В эту пору я ночевал у отца Анатолия. Наши научники и грамотеи считают его «горе-священником», так как и умом он скуден, и образования маленького, и ликом своим неказист, и проповеди у него нескладные, что мужицкая речь.
– Но зато в Бога так верит, – говорили в ответ полюбившие его, – что чудеса творить может!
Меня уверяли чуть ли не клятвою: когда отец Анатолий молится, то лампады и свечи сами собою загораются!
Окна батюшкиной горницы были открыты в сад, на белую ночь, всю в сирени, зорях и соловьях. Отец Анатолий сидел на подоконнике и несколько раз оборачивался в мою сторону, видимо, ждал, когда я засну. Я притворился спящим.
Отец Анатолий снял с себя затрапезный заплатанный подрясник и облекся в белый, из-под которого видны были дегтярные мужицкие сапоги. Он к чему-то готовился. Расчесывая гребнем рыжевато-пыльную бороду и такие же волосы, рука его вздрагивала. Мне показалось, что по его грубому крестьянскому лицу прошла судорога и между густыми бровями залегло раздумье.
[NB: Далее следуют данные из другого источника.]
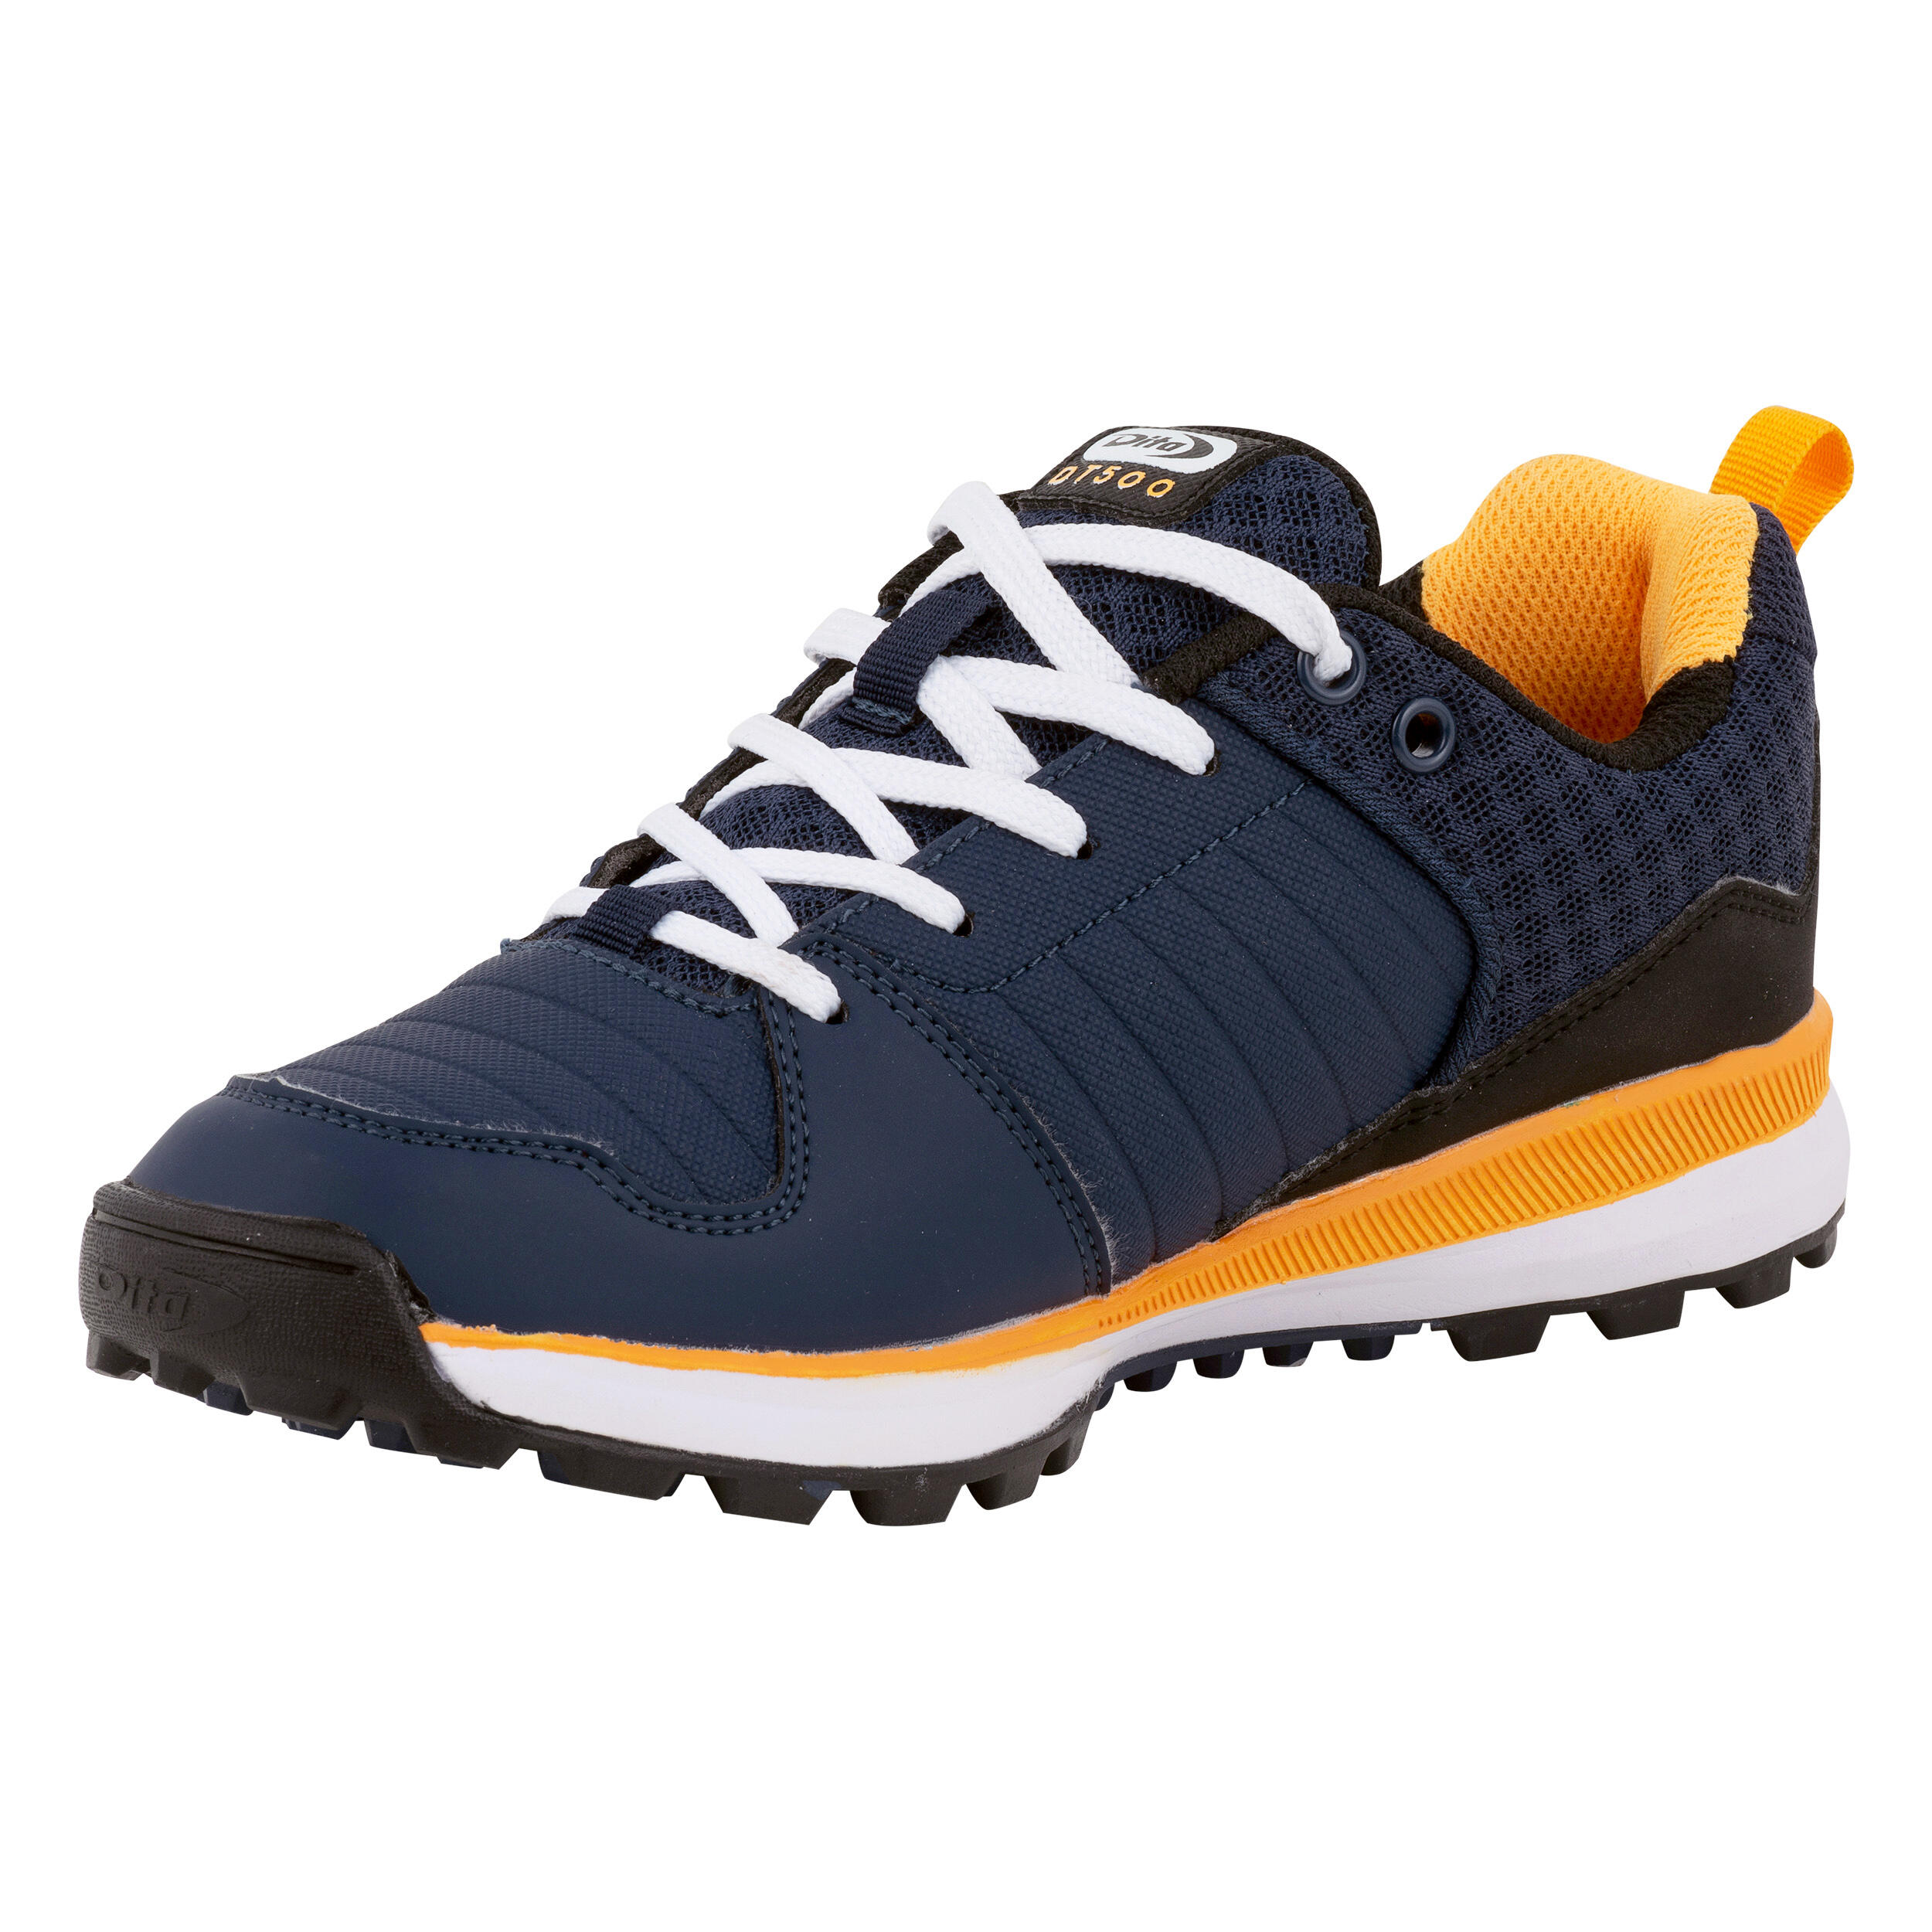 Teens' Moderate-Intensity Hockey Shoes DT500 - Blue/Yellow 2/7

Оглянувшись еще раз на меня, он встал на табуретку, зажег огарок свечи и большой для его маленького роста сумрачной земледельческой рукою стал затоплять перед иконами все лампады.
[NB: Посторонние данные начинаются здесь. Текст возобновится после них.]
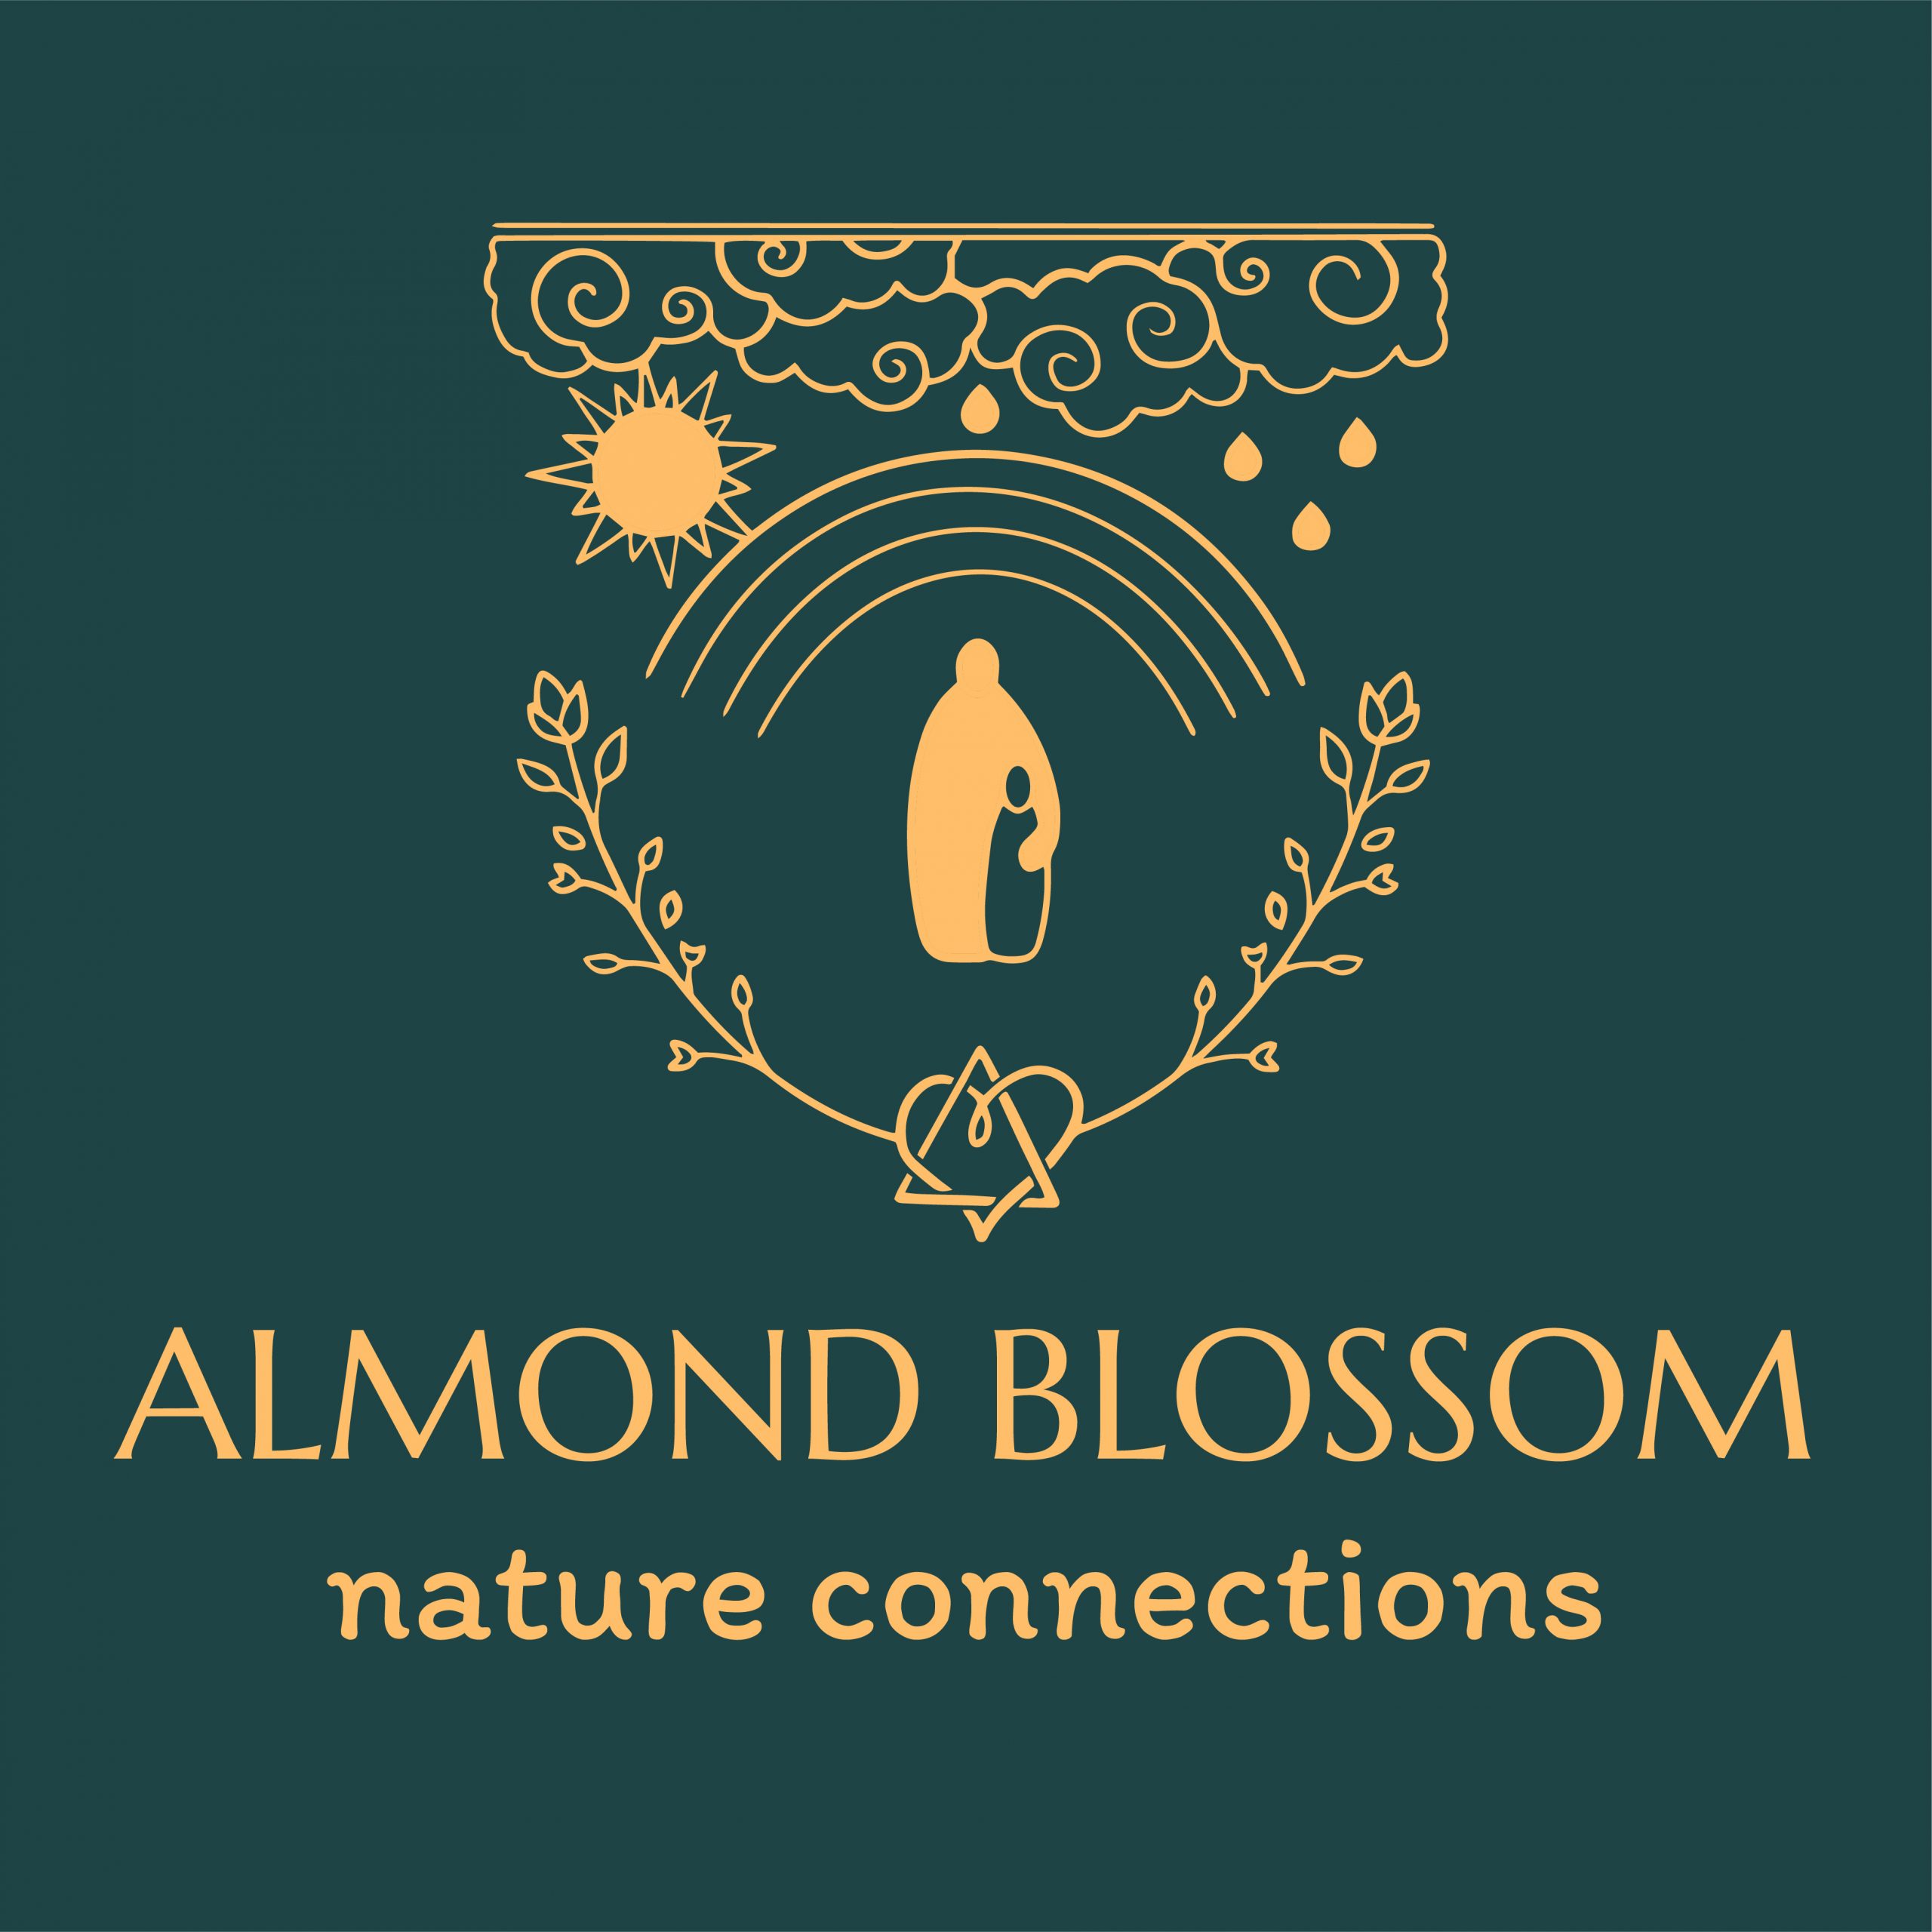 Almond Blossom nature connections

Темный передний угол осветился семью огнями. Встав перед иконами, отец Анатолий несколько минут смотрел на эти огни, словно любуясь ими. От его созерцательного любования в горнице и в сиреневом саду стало как будто бы тише, хотя и пели соловьи.
И вдруг тишина эта неожиданно вздрогнула от глухого вскрика и тяжелого падения на колени отца Анатолия.
Он приник головою к полу и минут десять лежал без движения. Меня охватило беспокойство. Наконец он поднимает лицо к Нерукотворному Спасу – большому черному образу посредине – и начинает разговаривать с Ним. Вначале тихо, но потом все громче и горячее:
– Опять обращаюсь к Твоей милости и до седьмидесяти седьмин буду обращаться к Тебе, пока не услышишь меня, грешного священника Твоего!..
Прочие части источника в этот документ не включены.